Kabar24.com, SITUBONDO -- Saksi ahli dari Institut Pertanian Bogor (IPB) Noer Fauzi Rachman, PhD meminta majelis hakim di Pengadilan Negeri Situbondo, Jawa Timur, tidak menggunakan UU No. 18 Tahun 2013 yang mengatur mengenai penebangan hutan.
"Penggunaan UU ini tidak tepat. Harusnya untuk penggunaan UU ini ada sekelompok orang yang secara bersama-sama menebang hutan," katanya saat menjadi saksi ahli sidang di Pengadilan Negeri Situbondo, Senin (30/3/2015).
Sempat terjadi adu argumen cukup panjang ketika Noer Fauzi mengatakan bahwa kalau memang benar terjadi pencurian di dalam kasus itu, maka UU yang digunakan seharusnya UU pidana biasa.

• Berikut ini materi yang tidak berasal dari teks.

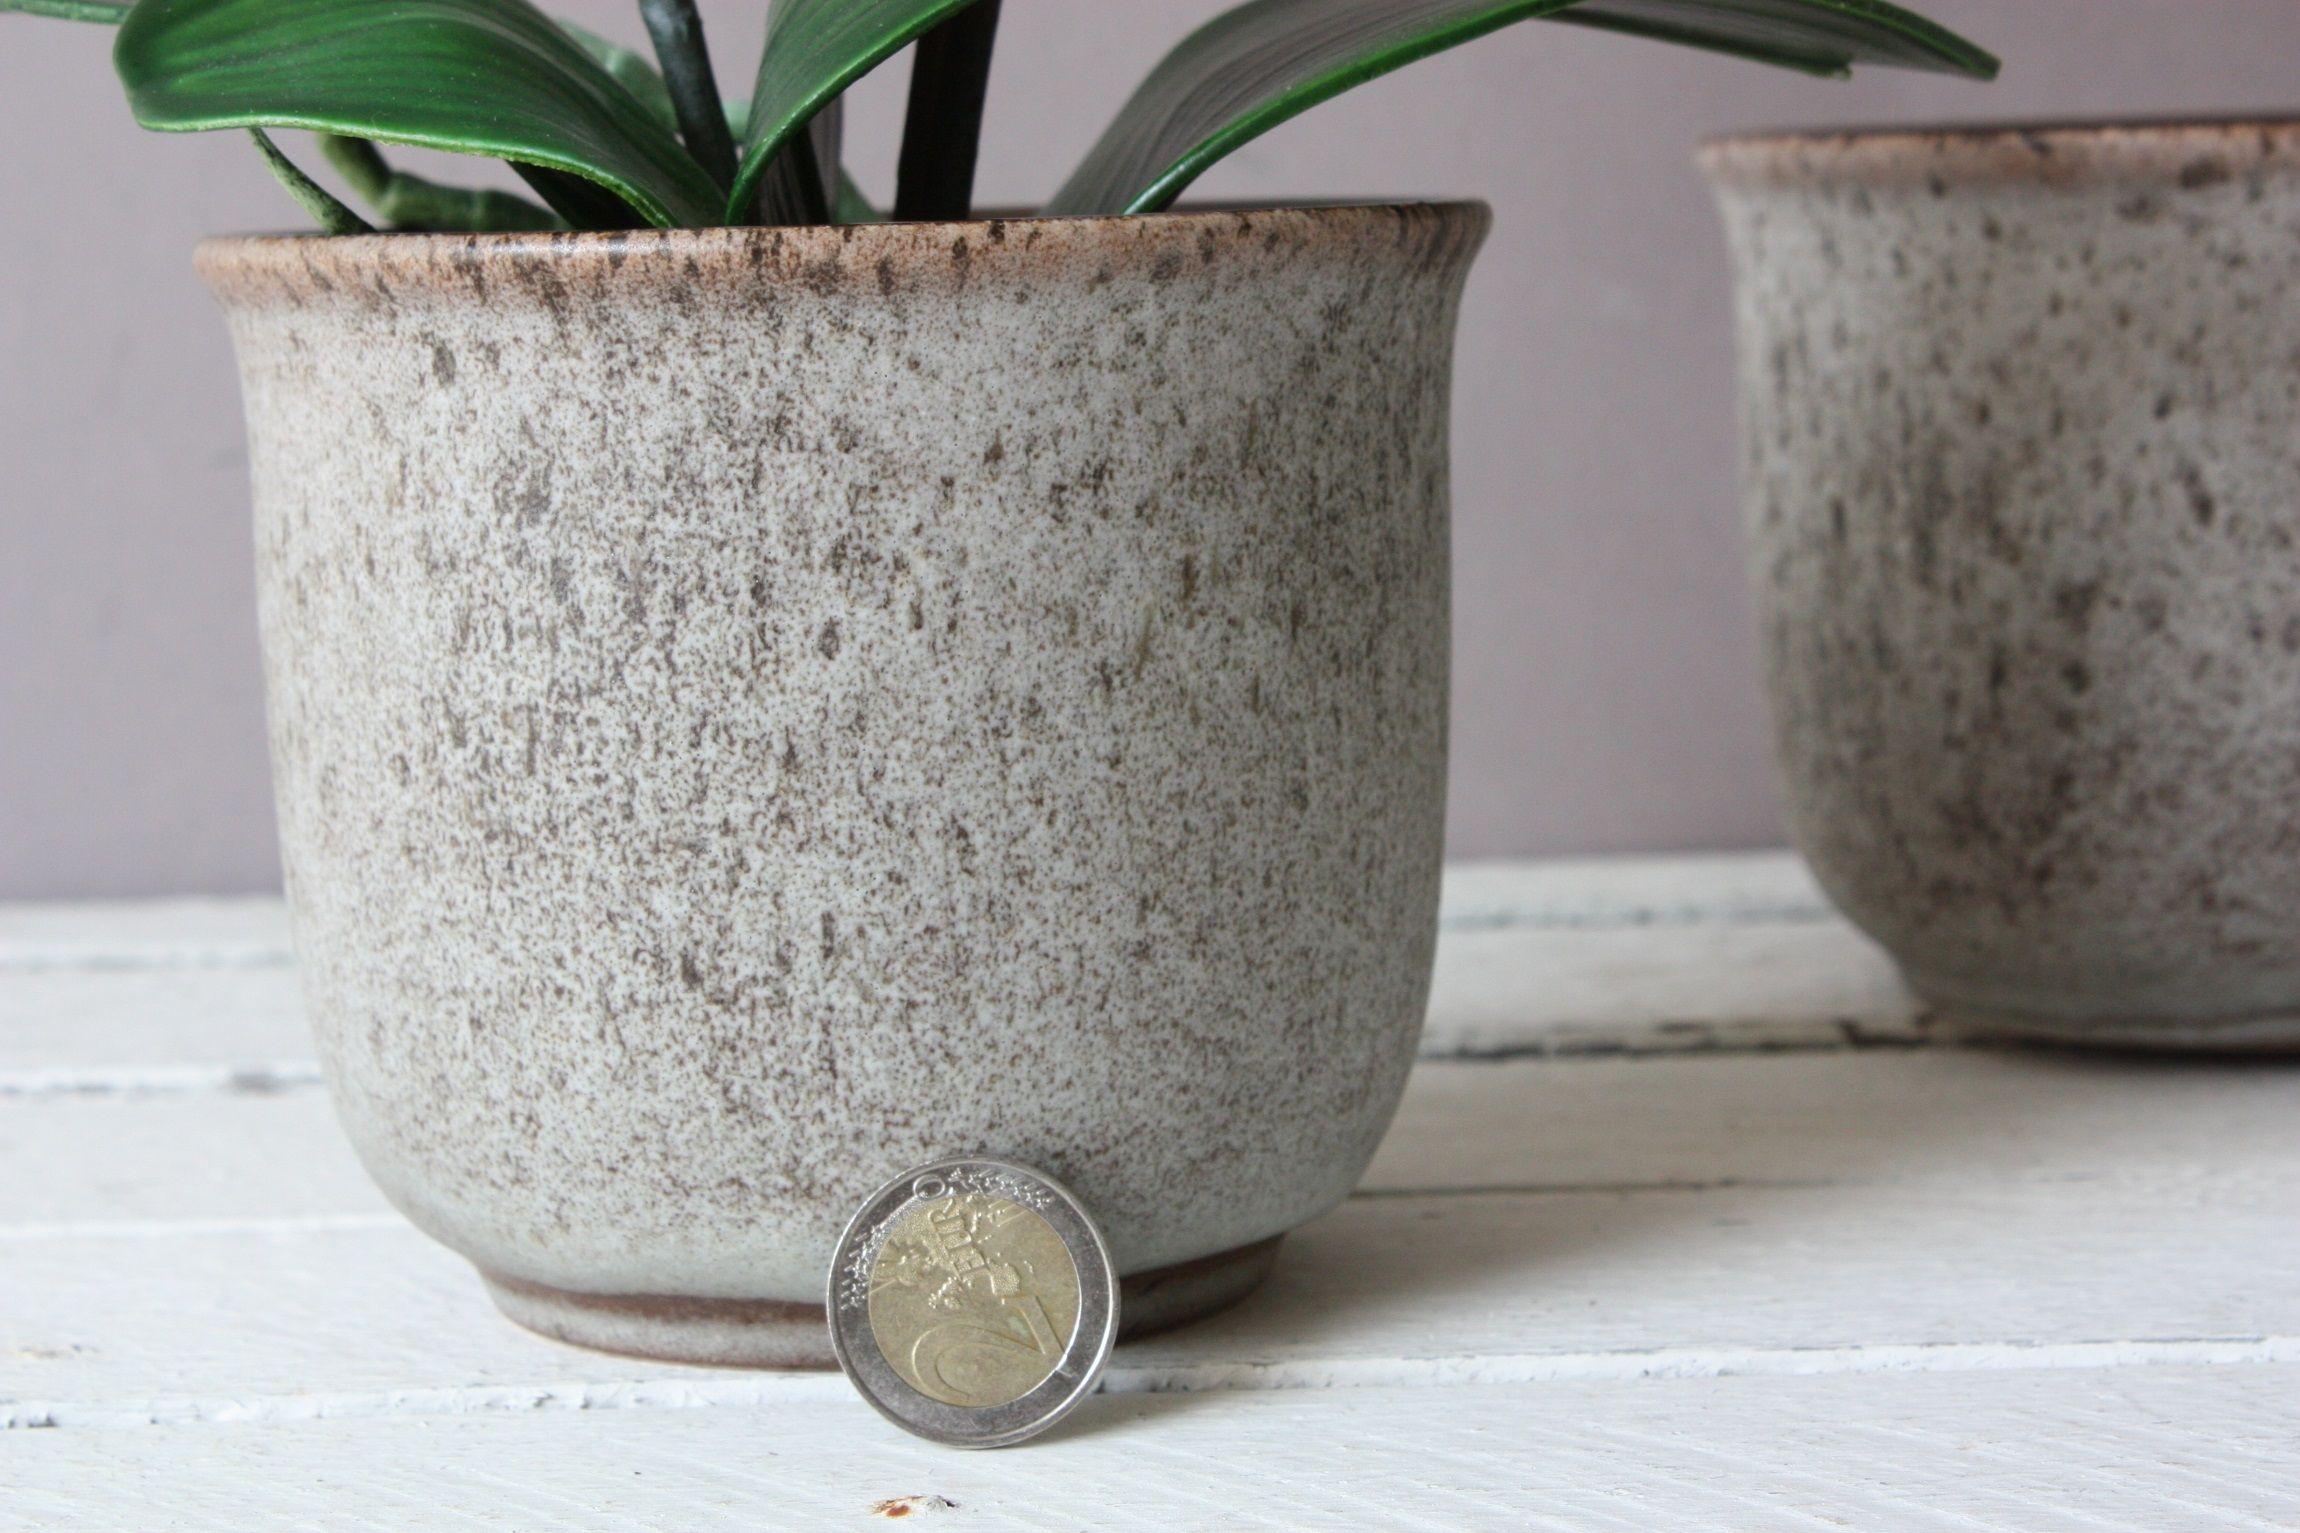 1 Small Scheurich Planter Ceramic 60s 70s Vintage Flower Pot West German Flowerpot Retro Gift Girlfriend Wife Vintage Flower Pots Flower Pots Decorated Flower Pots

Saat itu hakim ketua I Kadek Dedy Arcana juga mempertanyakan bagaimana definisi perorangan dalam UU No. 18 Tahun 2013 tersebut.
Namun Noer Fauzi yang ahli dalam politik agraria itu bersikukuh dalam kasus Asyani tidak ada unsur penebangan hutan.
Ia menjawab harus ada penetapan kriteria terlebih dahulu mengenai kerusakan hutan oleh tim dari Kementerian Kehutanan.
Ia juga menjelaskan bahwa semangat dari UU itu bukan untuk menjerat pencurian perorangan.
Akhirnya disimpulkan bahwa yang dilihat dalam penerapan UU penebangan hutan itu motifnya, yakni menebang hutan secara massif dan terorganisir.
UU itu dibuat dengan niat untuk mencegah kerusakan hutan.
Ketika hakim menanyakan bagaimana dampaknya jika orang per orang dijerat dengan pidana biasa nantinya dikhawatirkan akan menimbulkan kerusakan hutan yang lebih luas, Noer Fauzi tetap bersikukuh bahwa untuk kasus Asyani tidak tepat menggunakan UU itu.
Sementara saat jaksa penuntut umum hendak mengajukan pertanyaan, pengacara Asyani mengaku keberatan karena hal itu sudah ditanyakan oleh majelis hakim.
Namun majelis hakim tetap mempersilakan jaksa mengajukan pertanyaan.
Sidang kali ini menghadirkan dua saksi ahli dari pihak Asyani, yakni mantan Wakil Ketua Mahkamah Konstitusi Prof Dr Achmad Sodiki dan Noer Fauzi.